Les autres ont tous soutenu l’Autriche dans sa demande de suspension d’un an du règlement, dont l’entrée en application est prévue à ce jour à la fin de l’année 2025. La proposition faite par la Commission européenne est jugée insuffisante (EUROPE 13735/4).
Plusieurs États membres ont estimé que le temps imparti pour adopter cette proposition était trop court, qu’il faudrait simplifier davantage le règlement et qu’une étude d’impact était nécessaire. La demande de création d’une catégorie de pays à 'risque nul' de déforestation importée a refait surface, la Slovaquie précisant qu’elle serait « tout à fait compatible avec les règles de l’Organisation mondiale du commerce » (OMC).

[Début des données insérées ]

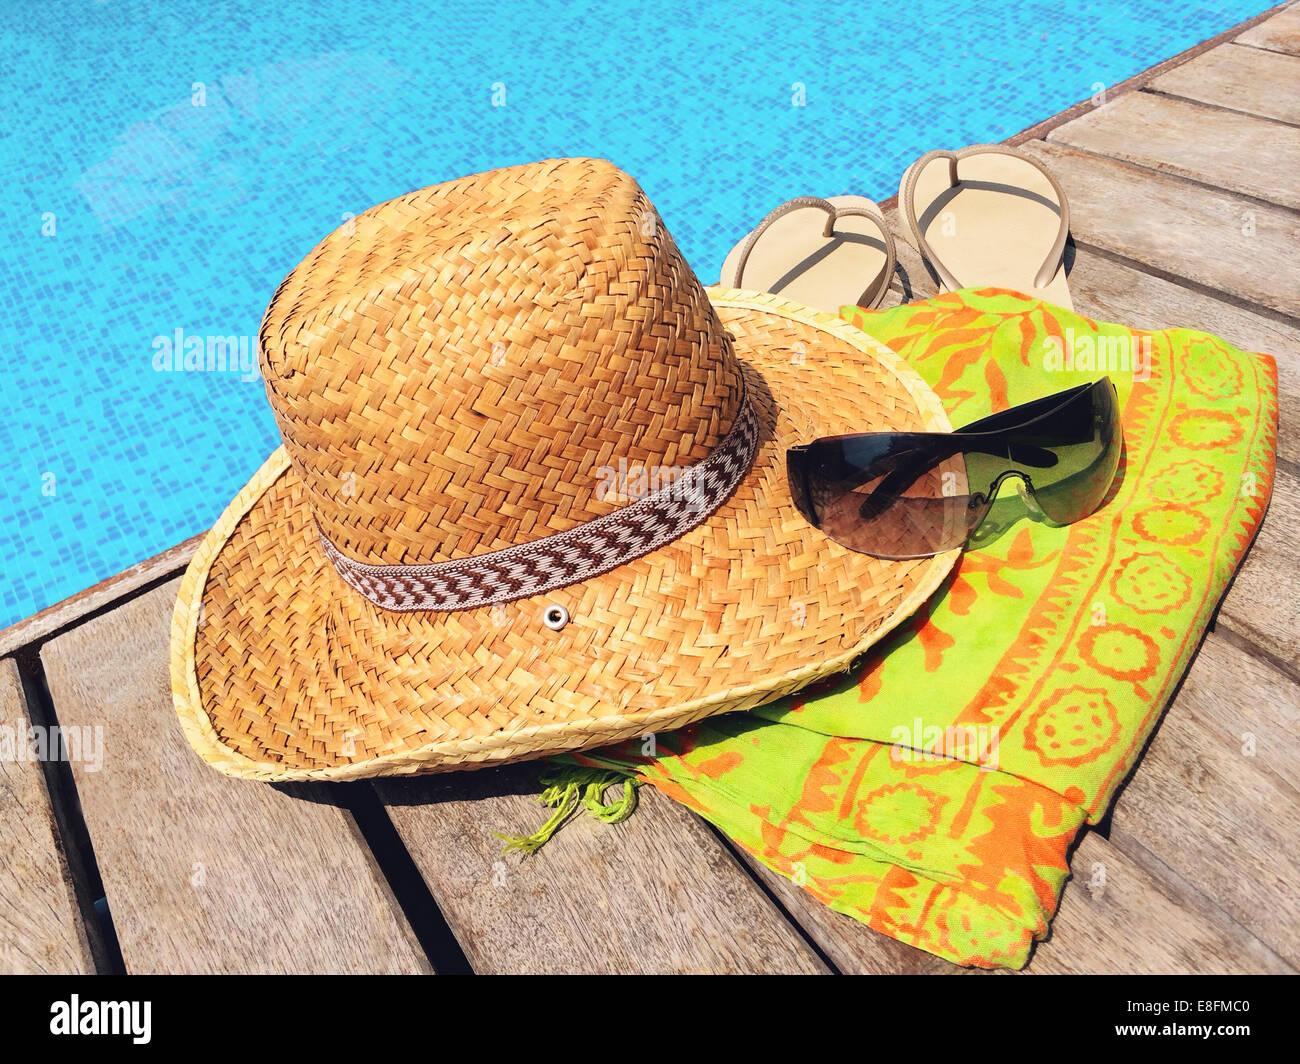 Cappello di paglia, occhiali da sole, flip-flop e sarong sul ponte di legno dalla piscina Immagini Stock

En réponse, la commissaire européenne à l'Environnement, Jessika Roswall, a estimé qu'une procédure de suspension d'un an (dite 'stop-the-clock') « ne ferait que repousser les décisions et [qu'ils] se retrouveraient dans la même situation exactement dans un an » alors que les opérateurs veulent plus de clarté sur le contenu comme sur le calendrier.
La commissaire a prévenu qu'il existait déjà des exceptions pour la plupart des opérateurs qui viennent de pays à risque faible et que créer une quatrième catégorie prendrait du temps et risquerait de « diviser les opérateurs et les pays » alors qu'ils ne savent pas « combien de pays pourront être dans cette catégorie à 'risque zéro' de déforestation, même au sein de l'UE ».
Une contre-proposition pourrait venir du Conseil de l'UE.
Le règlement entrera en application à la fin de l'année si les colégislateurs ne parviennent pas à se mettre d'accord d'ici là. (Florent Servia)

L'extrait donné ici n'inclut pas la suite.